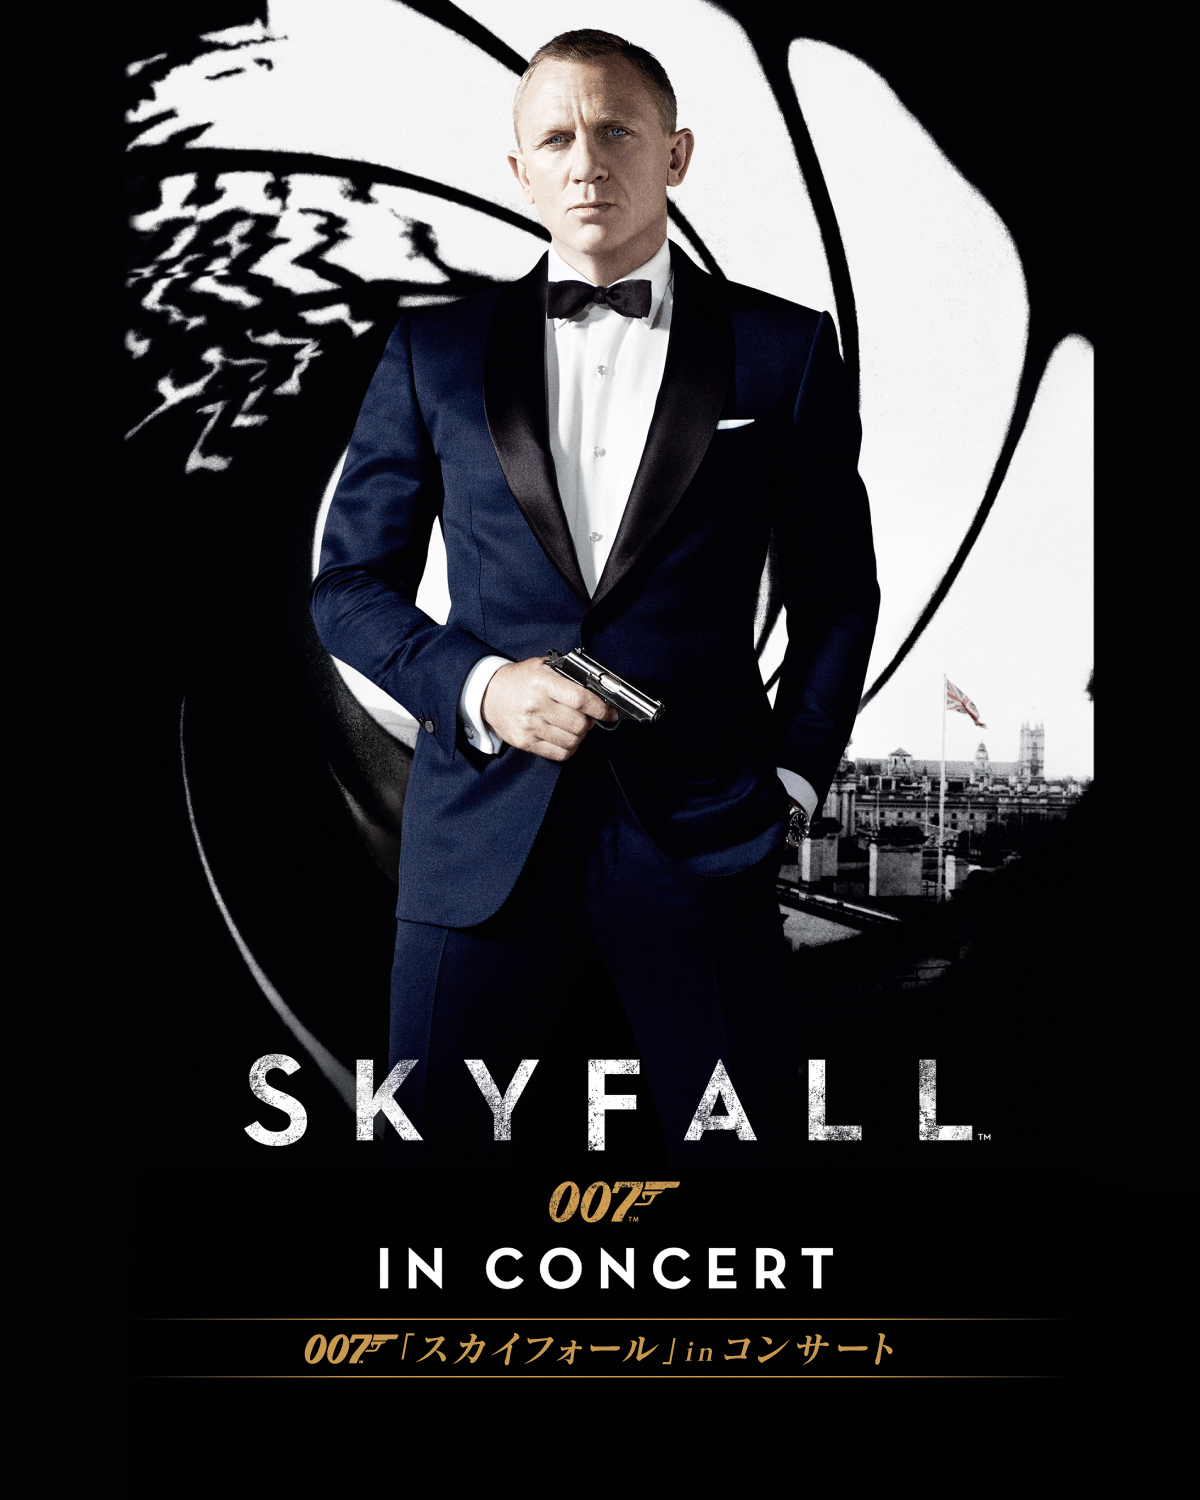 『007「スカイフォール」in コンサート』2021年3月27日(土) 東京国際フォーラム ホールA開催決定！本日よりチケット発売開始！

════════

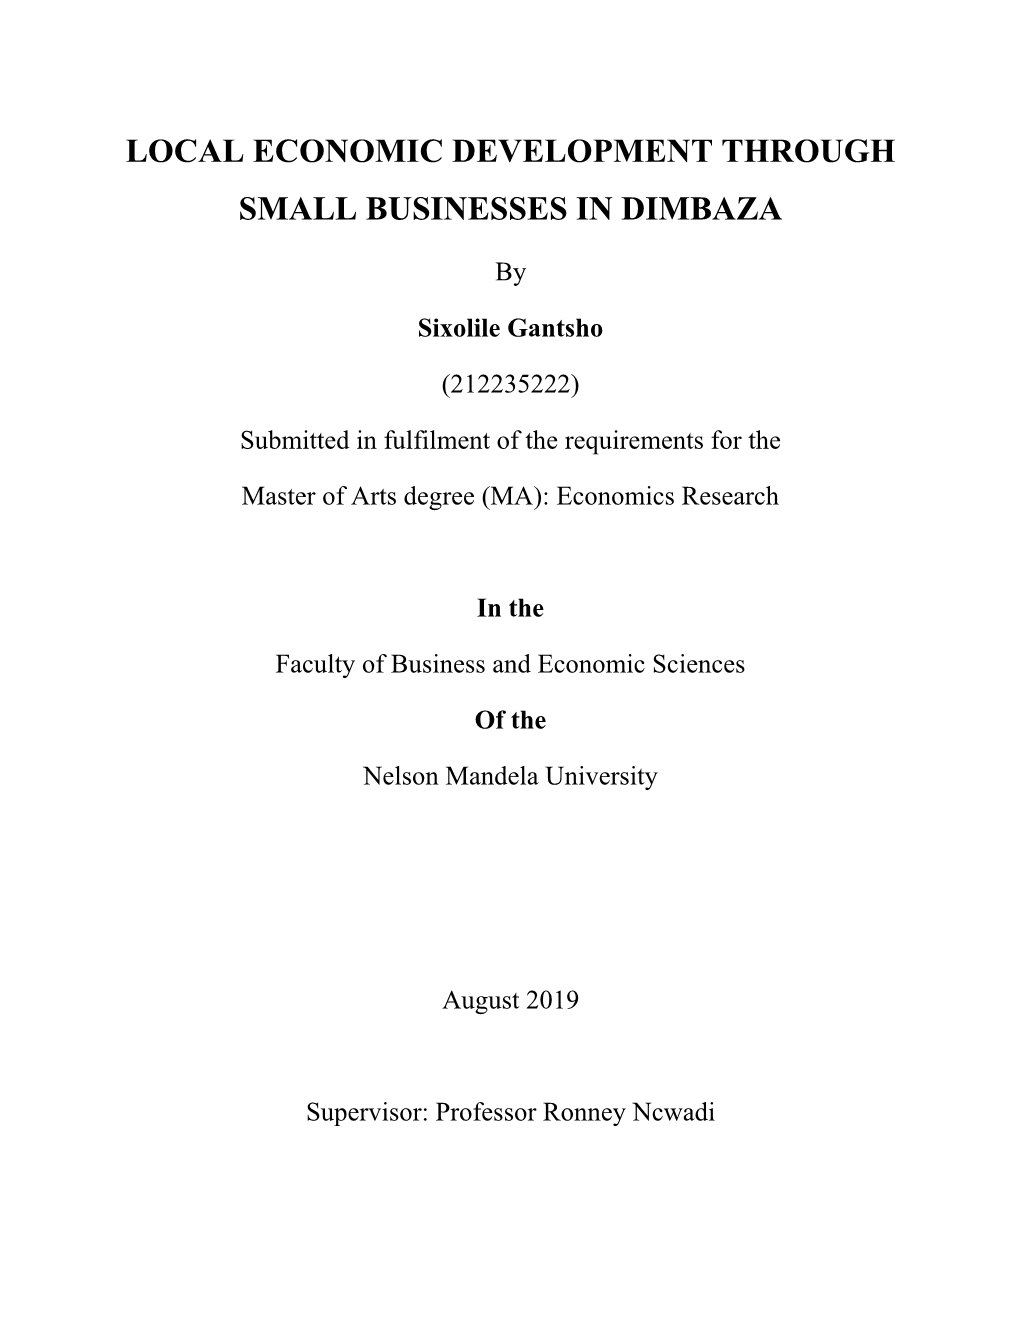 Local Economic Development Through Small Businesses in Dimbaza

════════

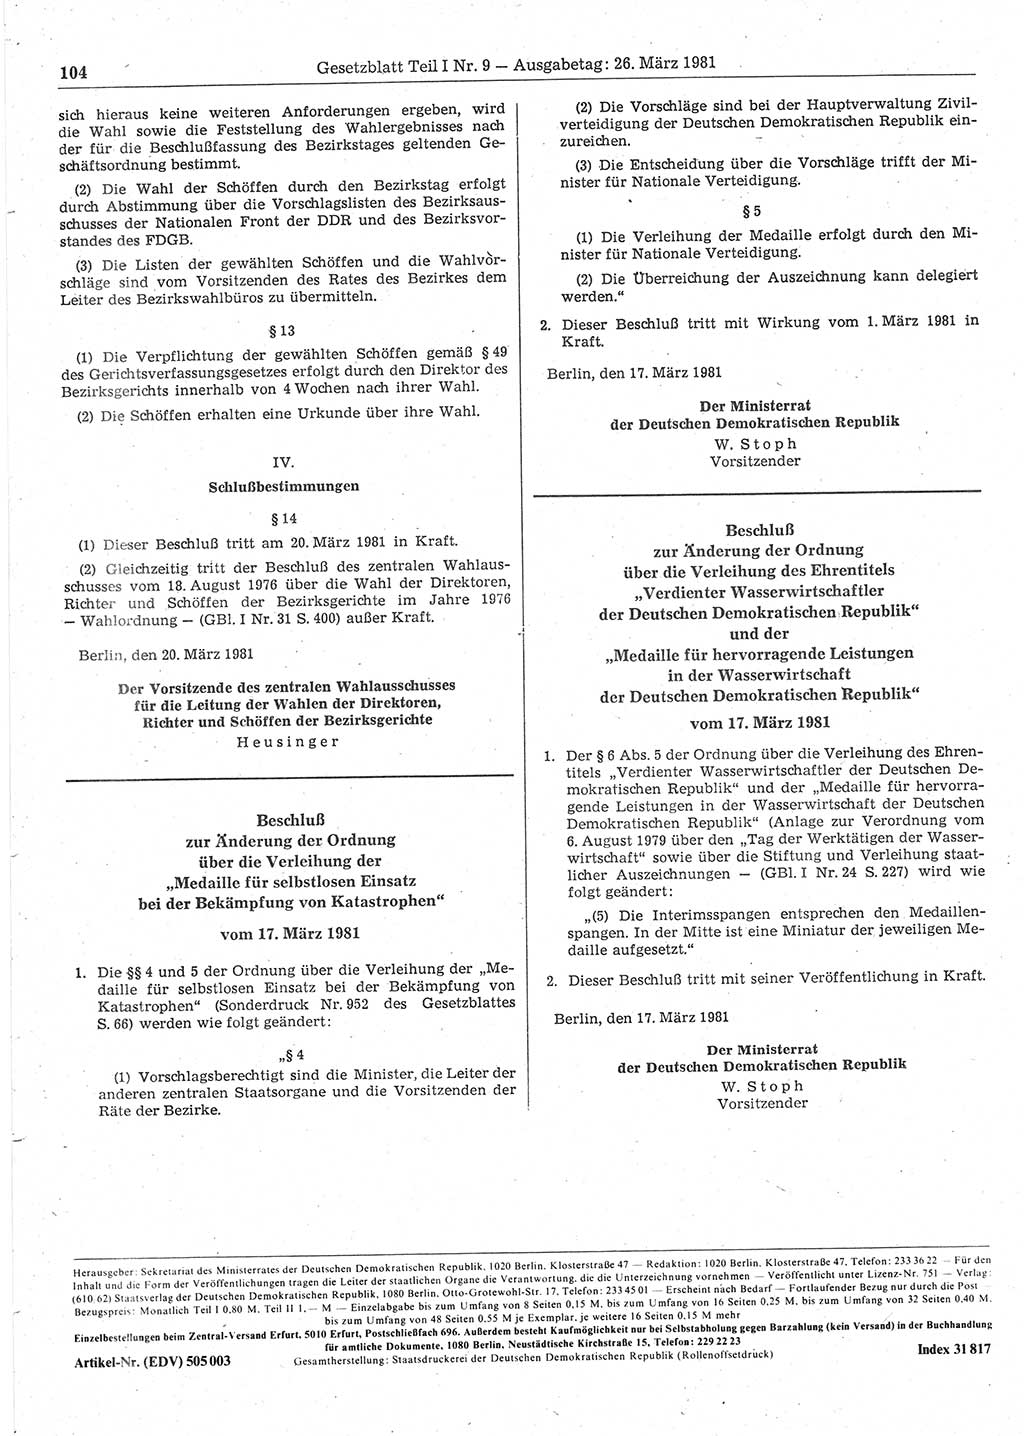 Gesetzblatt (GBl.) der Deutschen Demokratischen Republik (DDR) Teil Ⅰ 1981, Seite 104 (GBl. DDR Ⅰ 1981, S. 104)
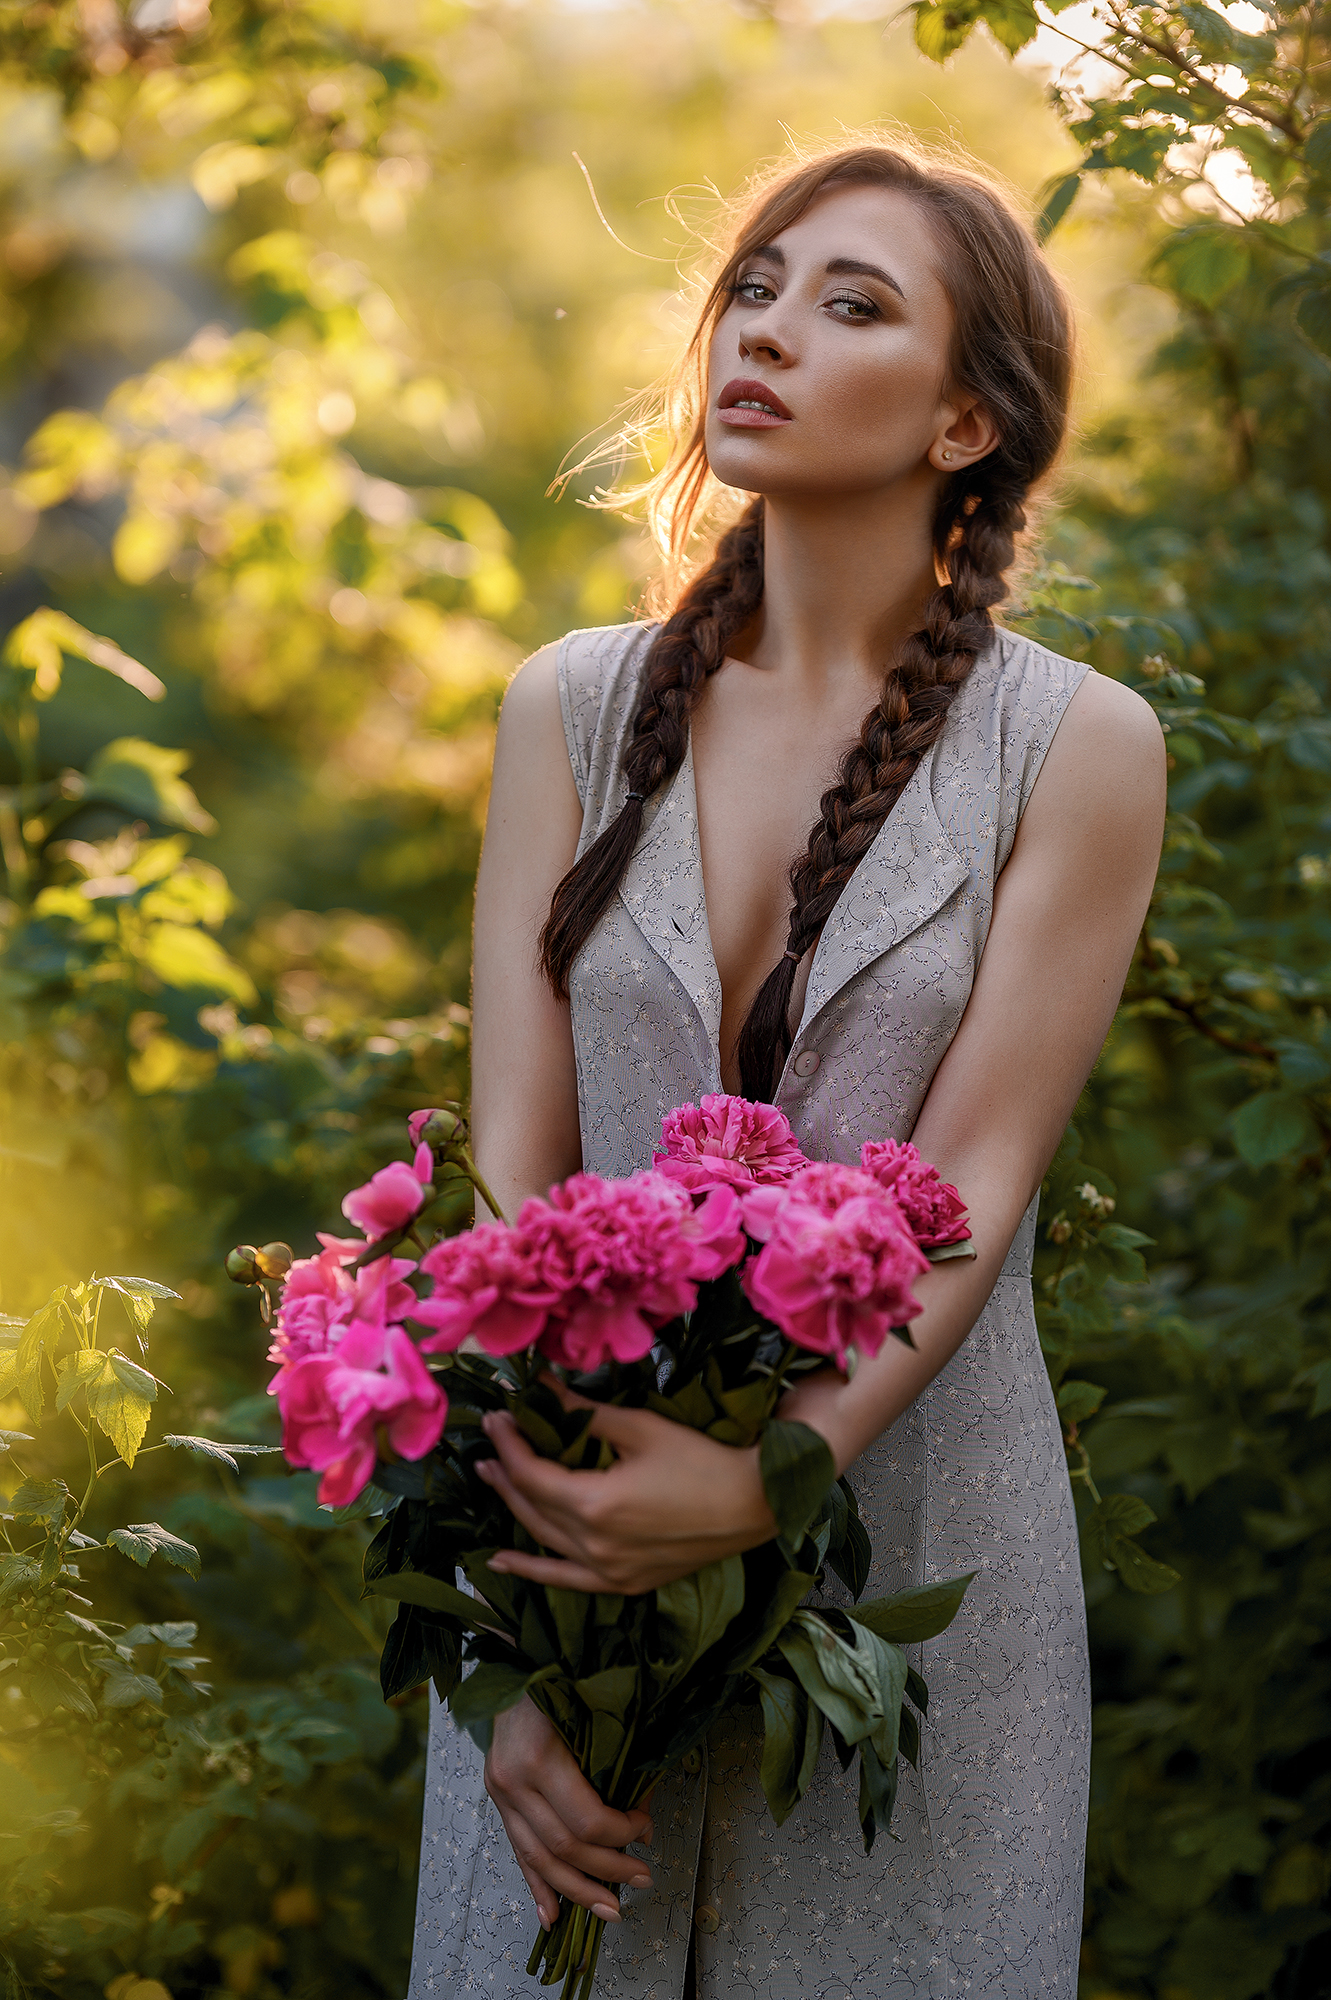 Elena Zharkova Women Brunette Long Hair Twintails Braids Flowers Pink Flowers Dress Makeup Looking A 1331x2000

════════

Your answer must be the exact lines from the records above, from the one containing "Gesetzblatt (GBl.) der" through the one containing "Elena Zharkova Women", both included, with every picture left out.

 Gesetzblatt (GBl.) der Deutschen Demokratischen Republik (DDR) Teil Ⅰ 1981, Seite 104 (GBl. DDR Ⅰ 1981, S. 104)
 Elena Zharkova Women Brunette Long Hair Twintails Braids Flowers Pink Flowers Dress Makeup Looking A 1331x2000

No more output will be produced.